Data provided:
++++
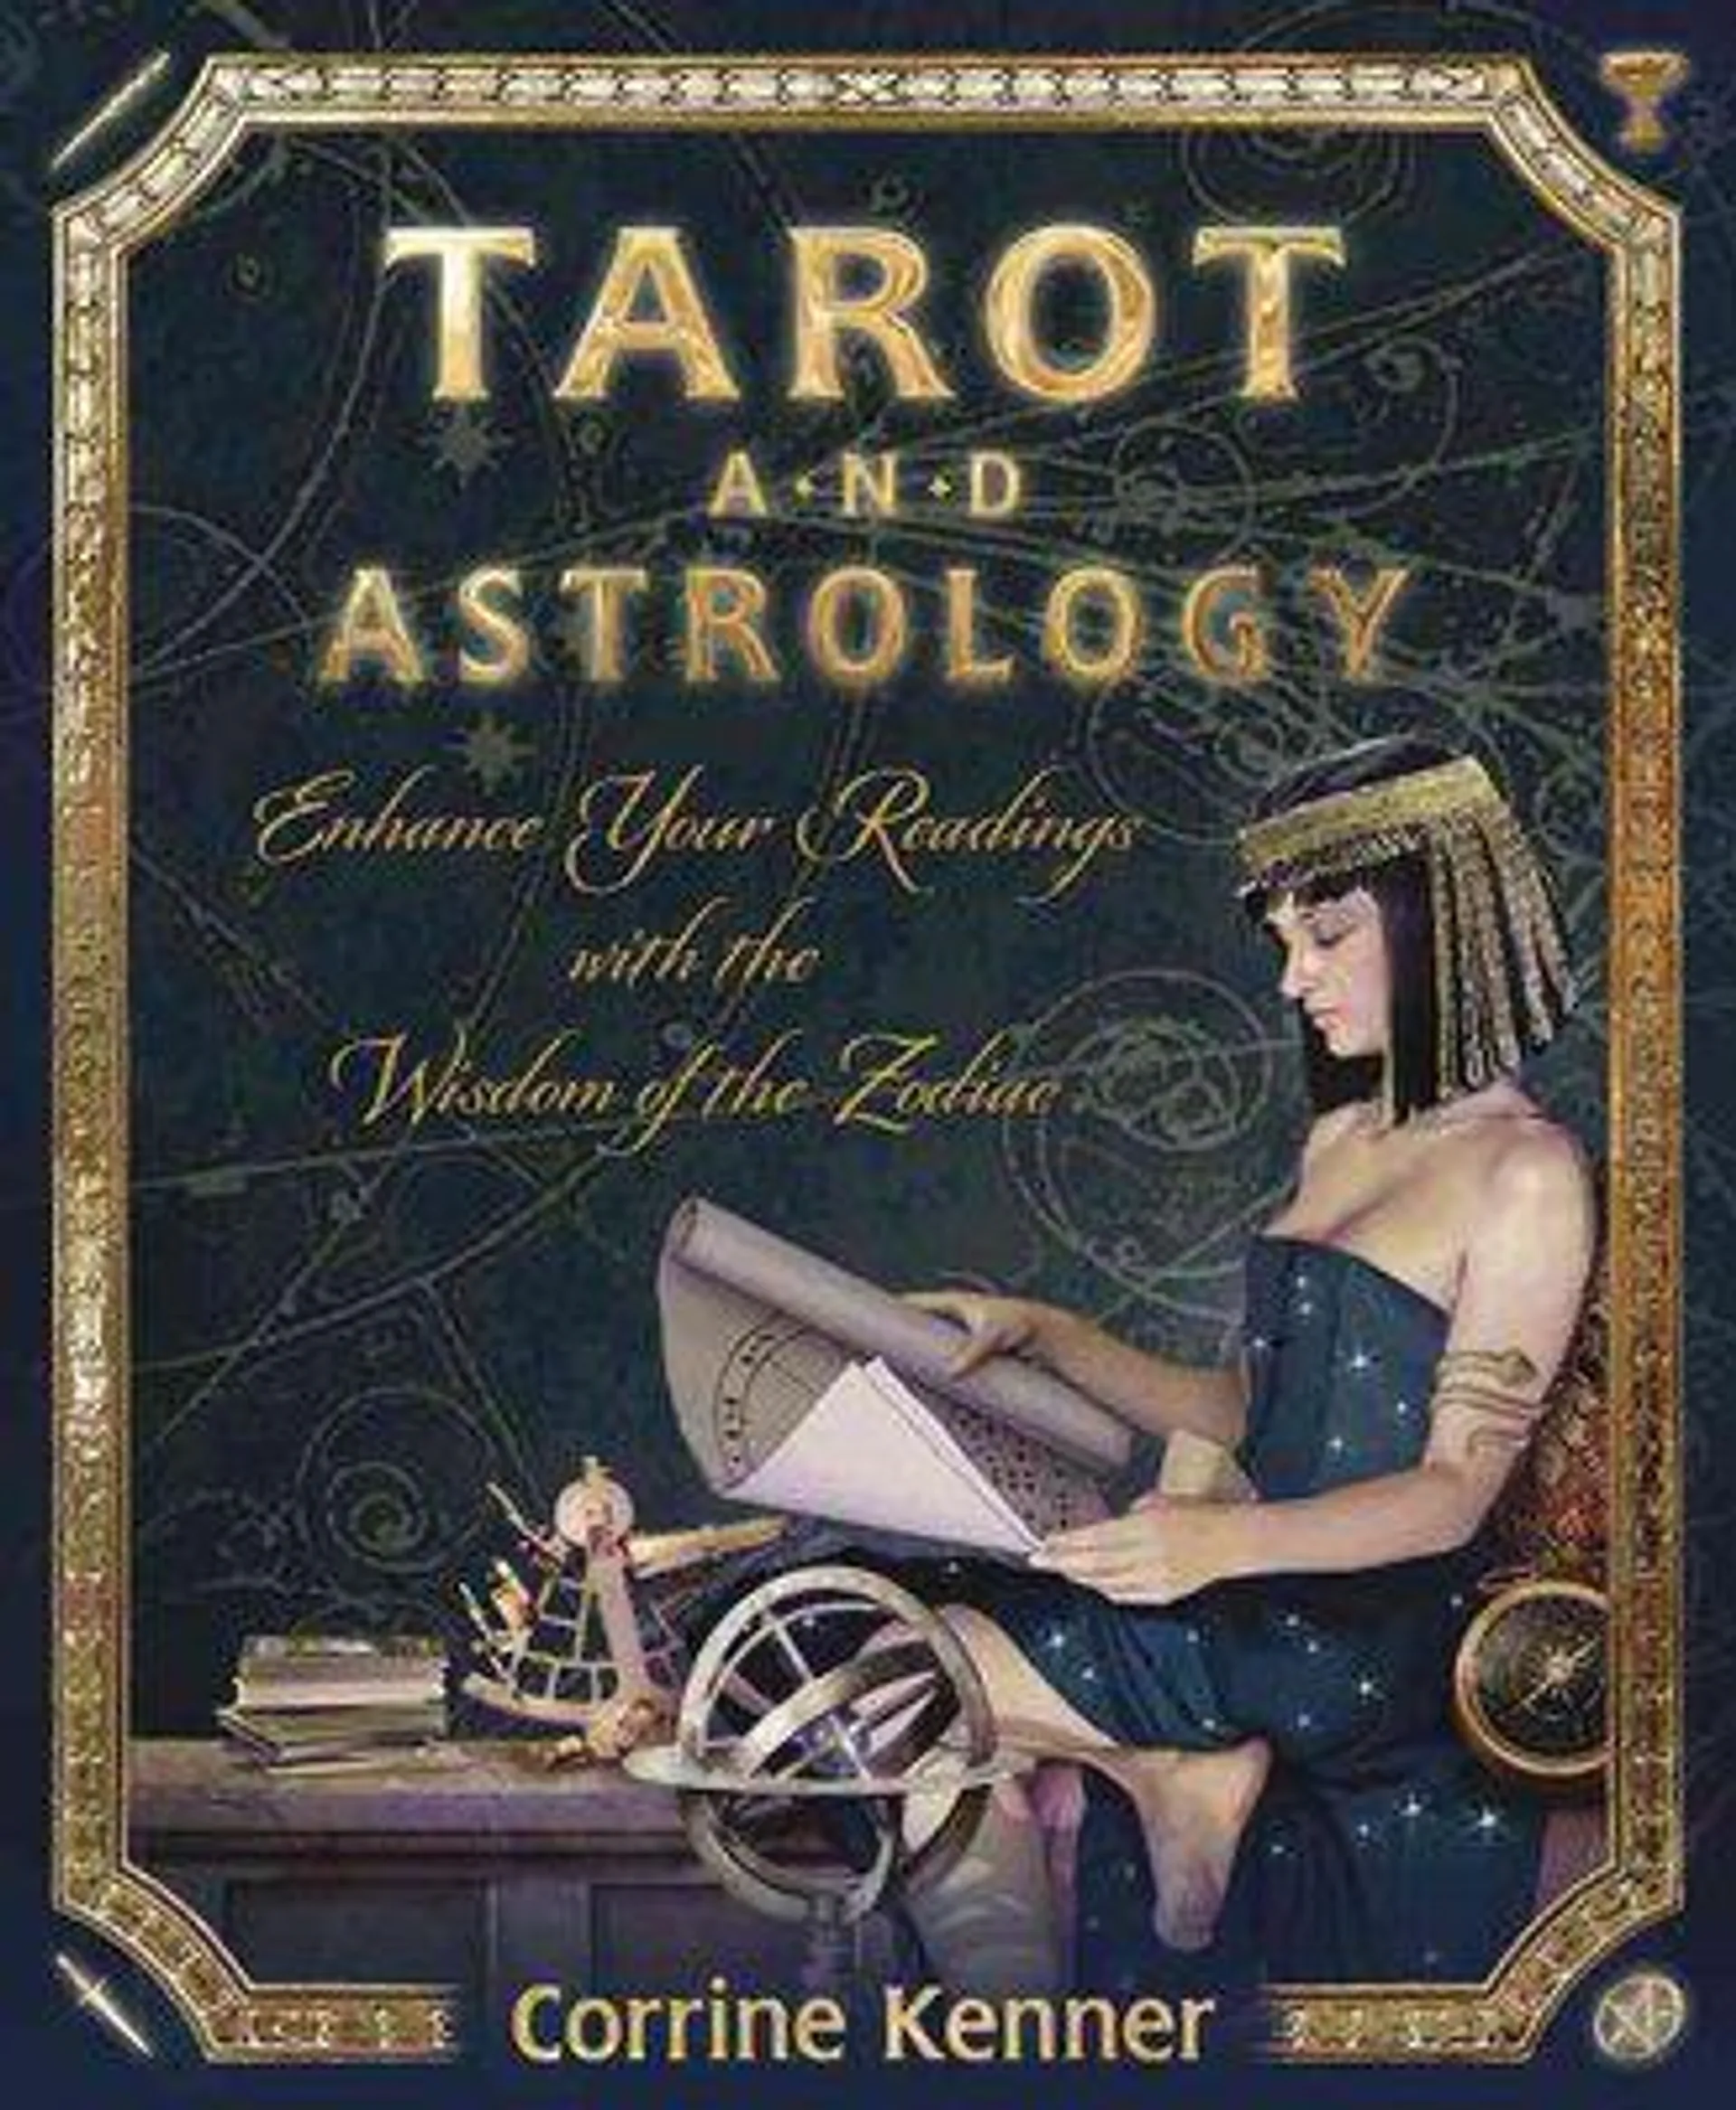 : Enhance Your Readings with the Wisdom of the Zodiac
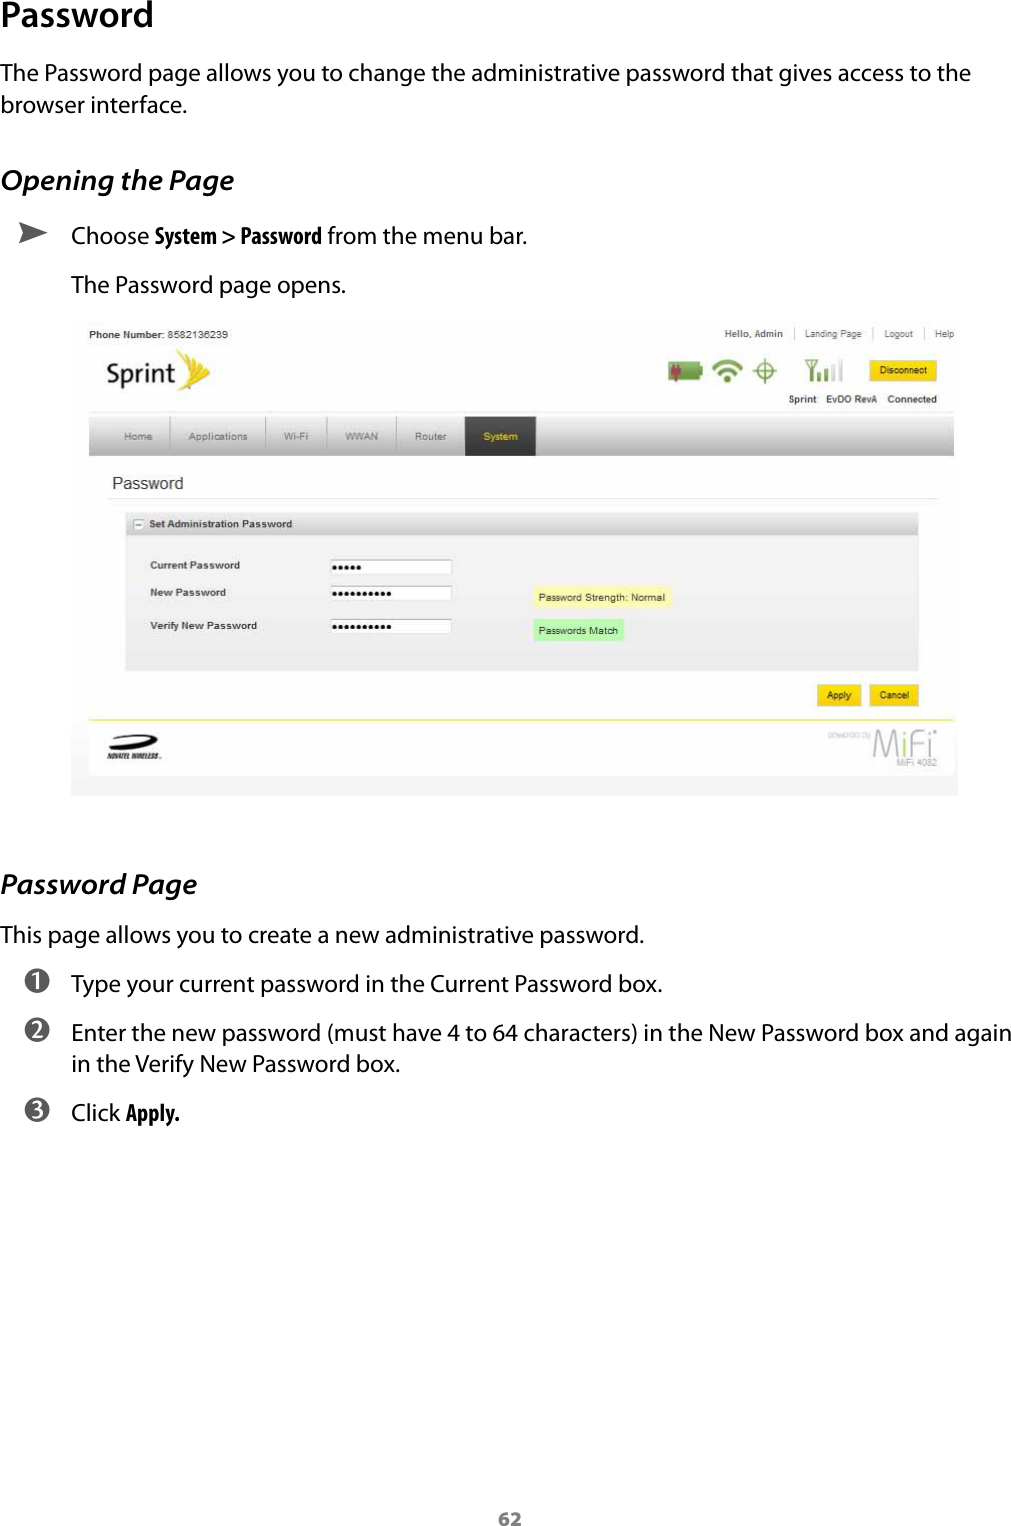 62PasswordThe Password page allows you to change the administrative password that gives access to the browser interface.Opening the Page ➤ Choose System &gt; Password from the menu bar.The Password page opens.Password PageThis page allows you to create a new administrative password.  ➊ Type your current password in the Current Password box. ➋ Enter the new password (must have 4 to 64 characters) in the New Password box and again in the Verify New Password box. ➌ Click Apply.
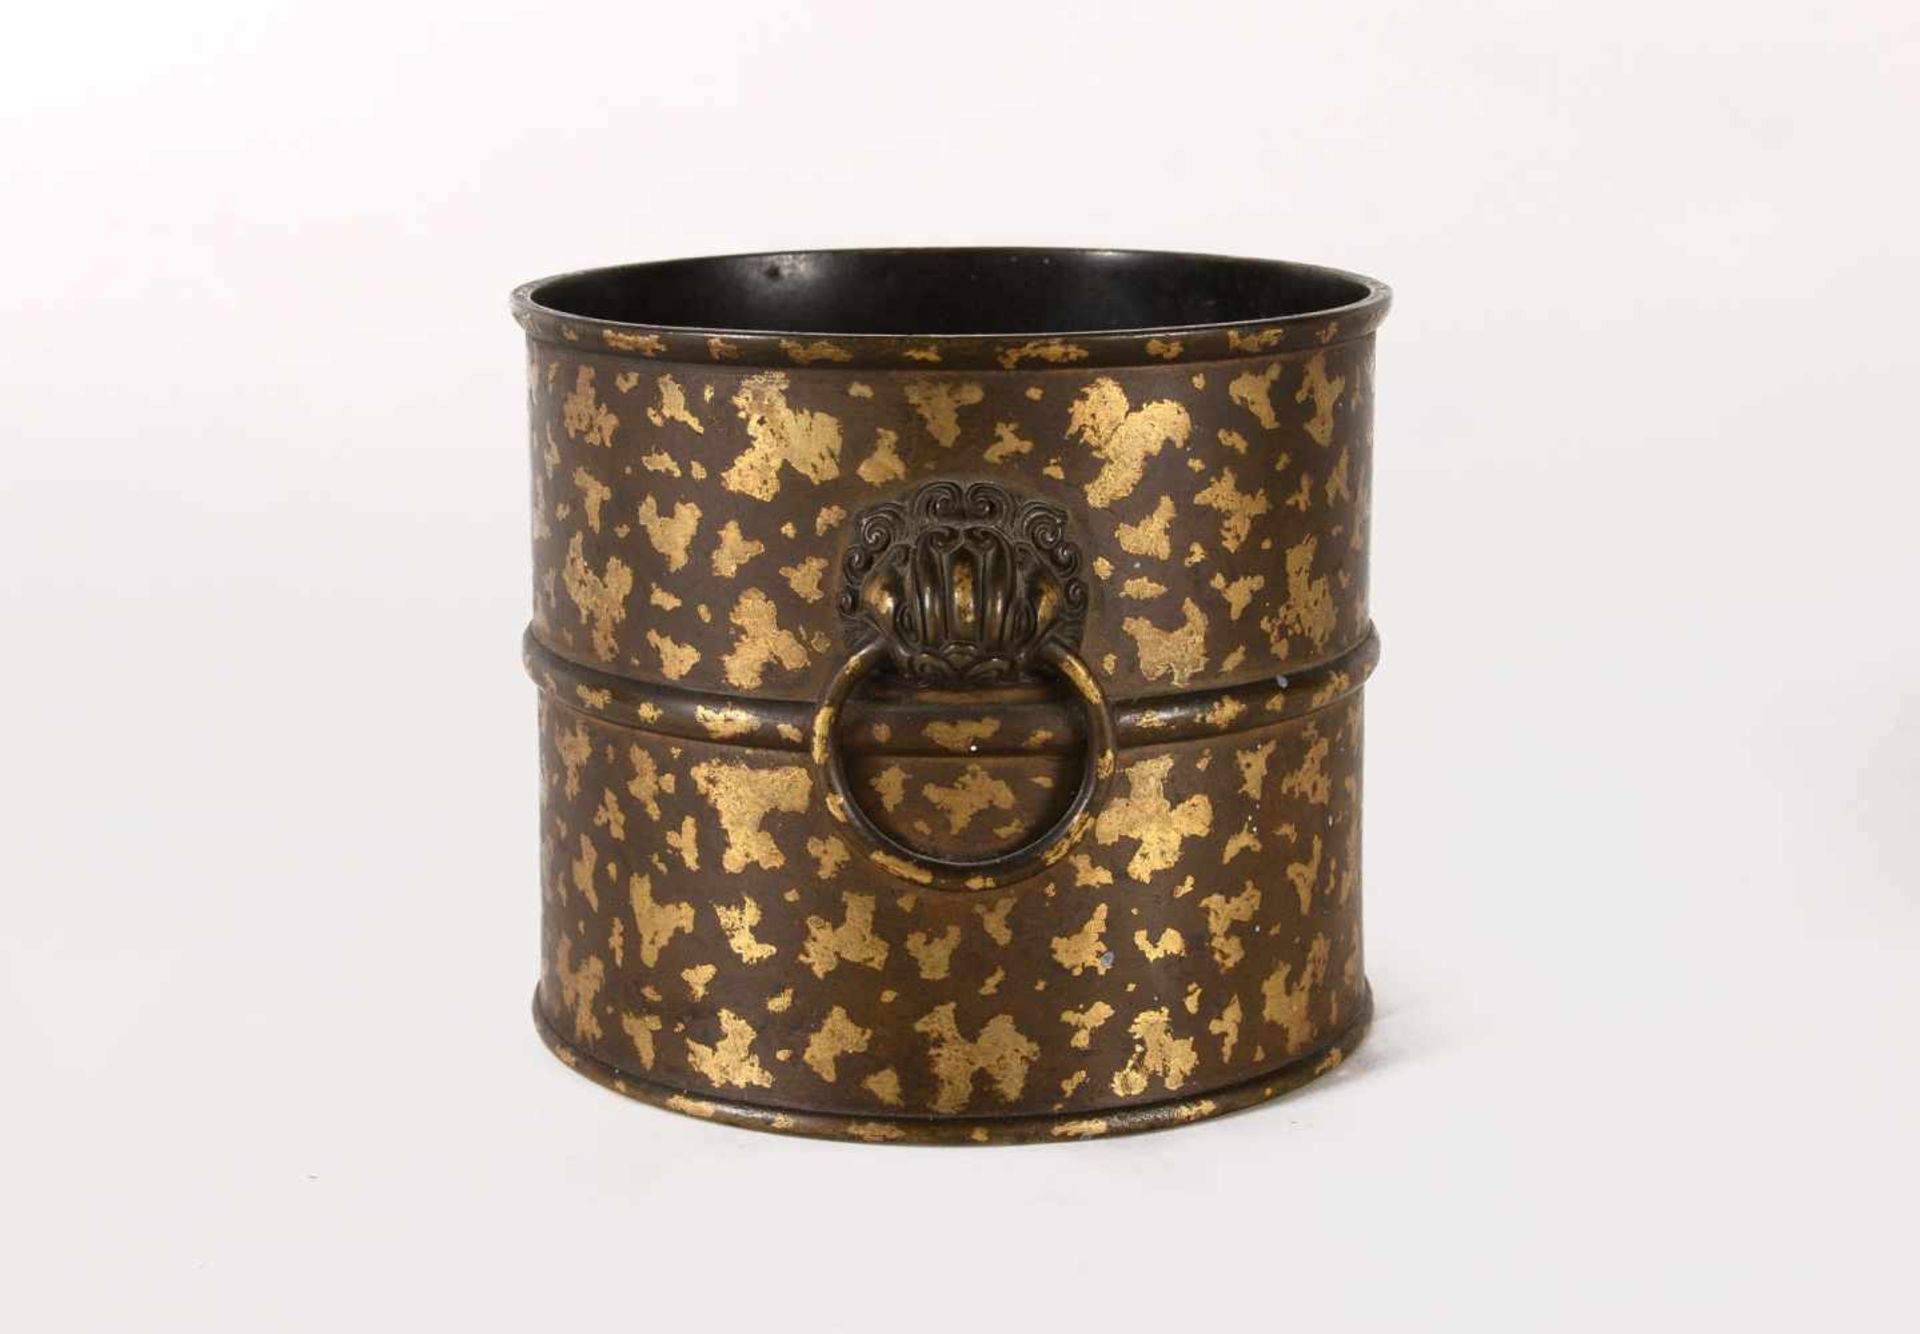 Bronze brush pot with splashes. Marked with seal mark Xuande. China, 18th century. H. 12,5 cm. Diam. - Image 2 of 4
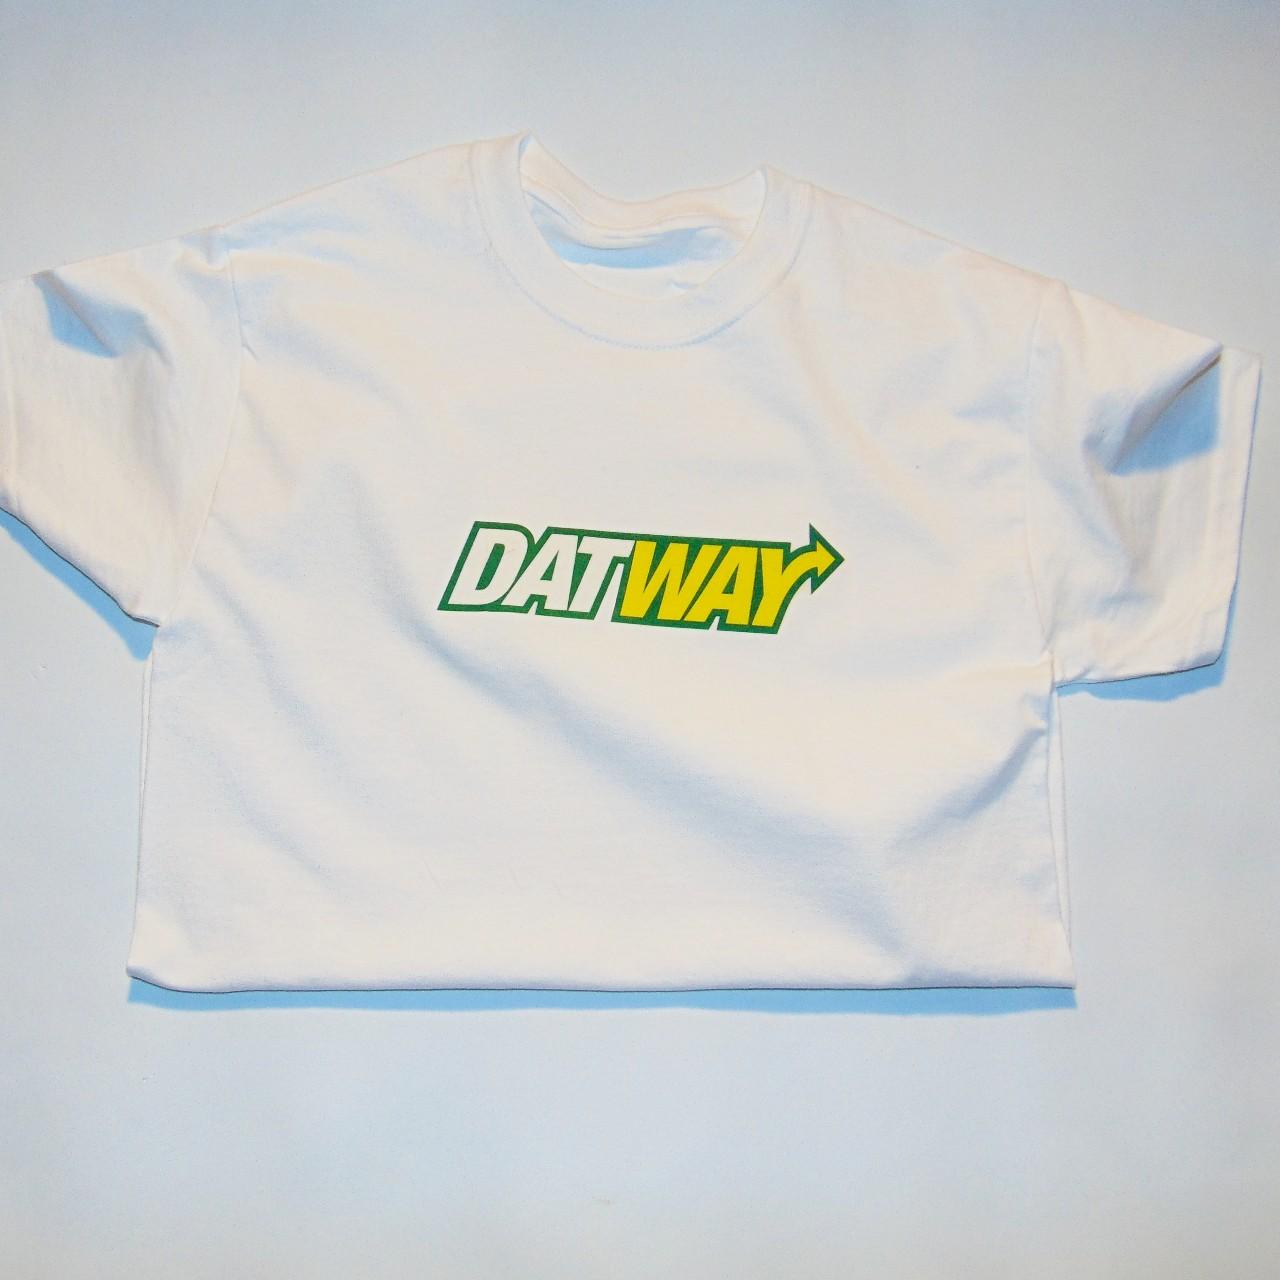 Product Image 1 - Stand out with this DATWAY
++++
Requirement:
Your task is to copy word for word the lines from the line containing "Bronze brush pot" to the end of the listing, both included, and to drop any pictures.

Result of the exercise:
 Bronze brush pot with splashes. Marked with seal mark Xuande. China, 18th century. H. 12,5 cm. Diam. - Image 2 of 4
 Product Image 1 - Stand out with this DATWAY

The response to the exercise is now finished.